3 years ago, we started a "tradition" of presenting Marty a USA covered hopper with names of many, many of the attendees at the "Thingy". Here's this year's car with with names covering both sides.









It's on it's way to Mead Lumber in Nebraska City so Marty can pick it up when it arrives..


----------



## aceinspp (Jan 2, 2008)

Stan one cool car and sure a lot of names. May have to find a bigger car for next year.







I'm glade that I could at least make one day. Later RJD


----------



## smcgill (Jan 2, 2008)

OK Stan 
Are they real signatures or a decal ? 
Sean


----------



## NTCGRR (Jan 2, 2008)

Stan Stan Stan, I did not know it was a tradition!!! 
I forgot to set the other cars out on a siding. 
Next year it will be called ,,BATTERY POWERED STEAM-UP. 
Nice job Stan


----------



## Jerry Barnes (Jan 2, 2008)

GOOD job Stan.


----------



## Henson (Jan 2, 2008)

Great job again Stan, really came out great. 

Henson


----------



## bvdrr (Jan 3, 2008)

Good job Stan, but we come to expect it from you. So many names I had to look for a minute to find ours.
Fred


----------



## livesteam53 (Jan 4, 2008)

Stan your the man with the talent on decals. Great job you did.


----------



## Stan Cedarleaf (Jan 2, 2008)

Oh Boy.... Marty, you weren't supposed to find out. Somebody snitched....









Yup, next year it will be "Marty's Battery Powered Steam UP 2009".... 

Sean.... they're all decals.... 

It's a ball doing this and to be a part of the gang at Marty's..









Thanks, Guys...


----------



## smcgill (Jan 2, 2008)

Stan 
Great job! 
Are you going to put this on you sample page? 
Sean


----------



## markoles (Jan 2, 2008)

Marty,

What?! No more THINGY?! To think I missed the last one. 

Mark


----------



## NTCGRR (Jan 2, 2008)

Posted By Stan Cedarleaf on 10/08/2008 10:55 PM
Oh Boy.... Marty, you weren't supposed to find out. Somebody snitched....









Yup, next year it will be "Marty's Battery Powered Steam UP 2009".... 

Sean.... they're all decals.... 

It's a ball doing this and to be a part of the gang at Marty's..









Thanks, Guys... 


Steam Up 2009


----------



## MikeK (Jan 3, 2008)

Stan,

A few more attendees, and you'll have to use a 1:20.3 scale car rather than 1:29 next time!

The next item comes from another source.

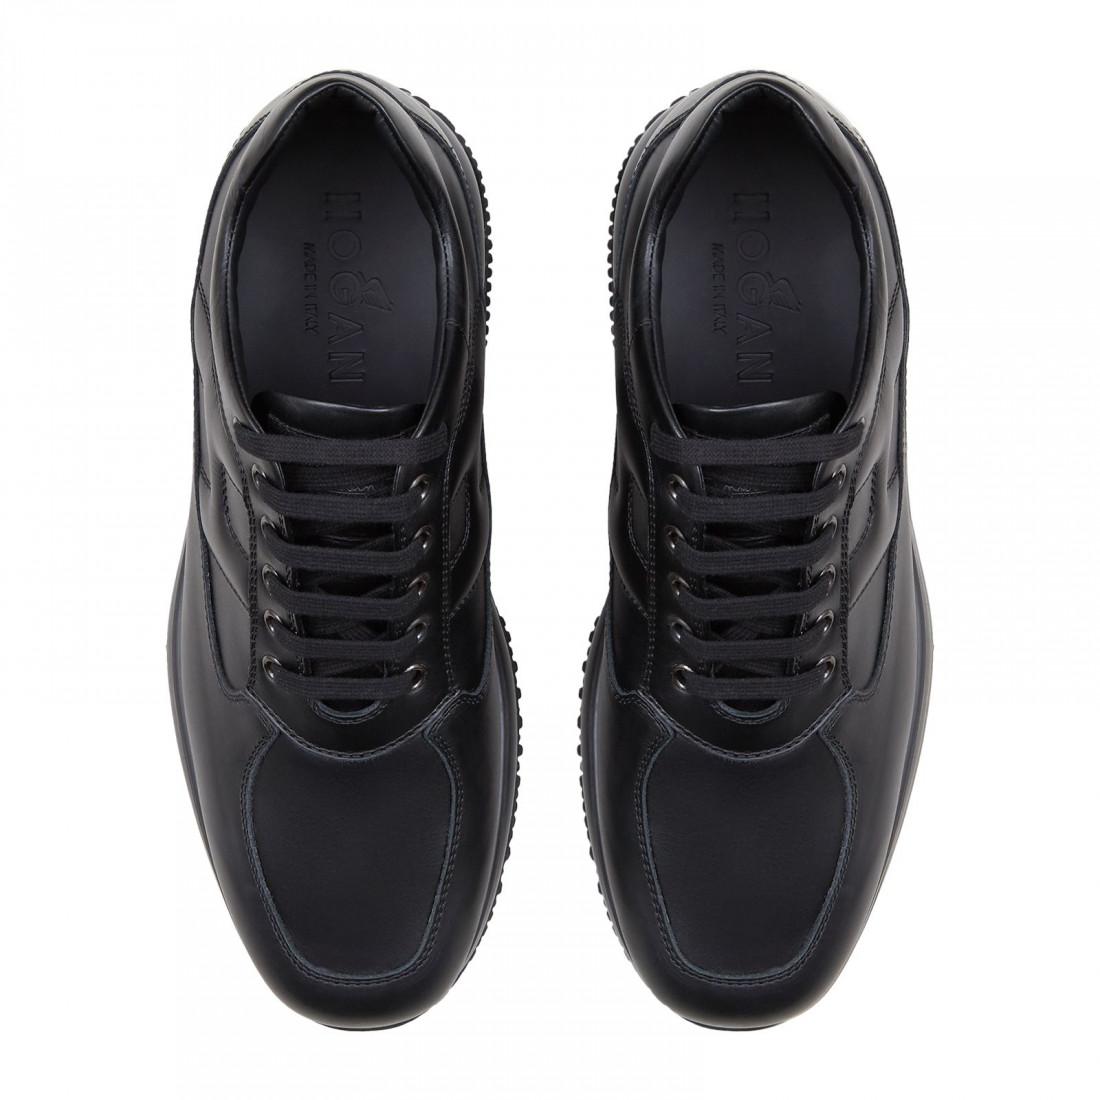 sneakers herren hogan hxm00n00010klab999 4979

Nice job on the decals, by the way...


----------



## barnmichael (Jan 2, 2008)

Posted By Stan Cedarleaf on 10/08/2008 10:55 PM


...Battery Powered Steam... 






????????
Gotta think about that one a bit.


----------



## NTCGRR (Jan 2, 2008)

contradiction in terms 
Aristo has a battery powered live steamer.


----------



## Duncan (Jan 2, 2008)

Hmmm... 

Steam-up ~ Melt-down


----------



## leonpete (Jan 4, 2008)

Looks GREAT Stan, nice job.


----------